Конечно, кому-то в жизни везет больше, кому-то меньше, стартовые условия у всех разные, и дисбалансы так или иначе неизбежны, но он, вместо того, чтобы, засучив рукава, трудиться над их выравниванием, улучшая мир своим созидательным трудом, избрал роль паразита, присосавшегося к чужим свершениям. А все его оправдания – жалкий лепет, порожденный элементарной завистью и нетерпимостью неудачника по отношению к тем, кто лучше.
Раздраженным рывком Том перевернул рюкзак и вытряхнул все его содержимое на пол прямо посреди кабинета. Украшения и милые безделушки раскатились в стороны, поблескивая в пробивающихся через жалюзи лучах солнца. С каждой из них у хозяев, возможно, были связаны какие-то воспоминания, запоминающиеся мгновения жизни, свидания, путешествия… Он же видел в них лишь возможность легкой наживы, да еще способ самоутвердиться, проучив доверчивых зазнаек и хоть ненадолго спустив их с небес на землю.
И, кстати, зачем на этом останавливаться, можно свое эго еще как-нибудь потешить. Плюнуть им в чайник, например – «подвиг» как раз его уровня. Уровня обезьяны, только вчера спустившейся с дерева.
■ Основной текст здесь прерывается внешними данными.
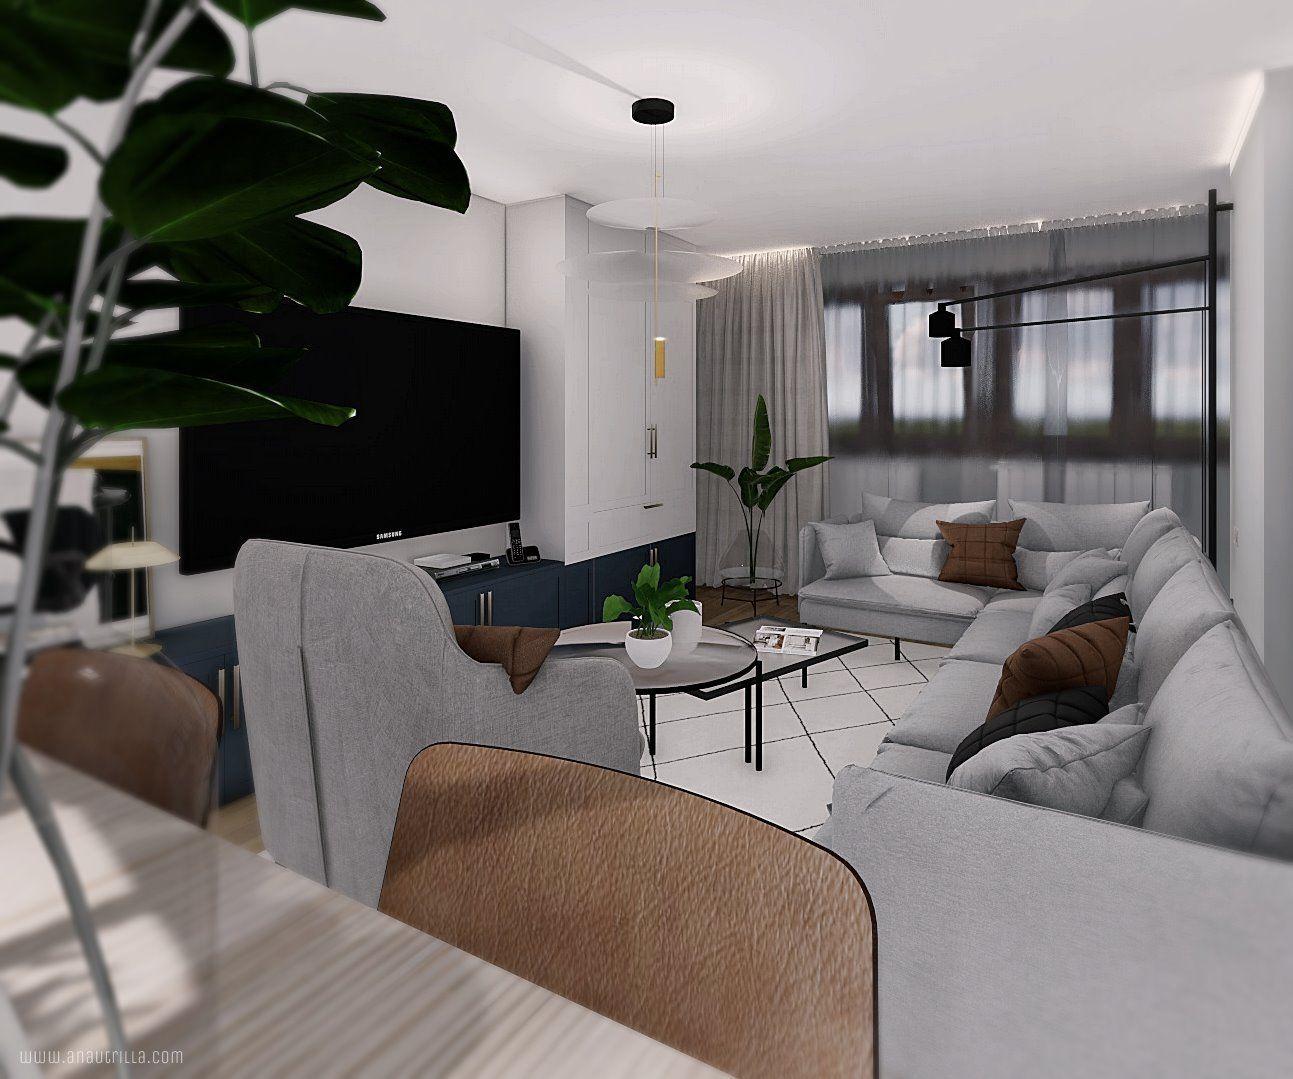 proyecto interiorismo 3D a medida, espacio de salón comedor y cocina, de concepto abierto y tonos azules #Anautrillainteriorismo #slowinteriordesign @utrillanais

Том отступил назад и рухнул в массивное кресло, стоявшее около письменного стола. Его душу захлестнуло отвращение к самому себе, опустившемуся так низко. Будучи ленивым, безвольным и слабым, он не смог сам выбраться из болота нищеты и убожества, и тогда начал мстить тем, кто, проявив настойчивость и усердие, сумел подняться над серой массой и достичь абсолютно заслуженного процветания. Ползая в грязи, подобно червяку, и не имея возможности подняться, он пытался низвести других до своего уровня, макнув их носом в бурую жижу, хоть на миг, но возвыситься над ними в своем извращенном воображении.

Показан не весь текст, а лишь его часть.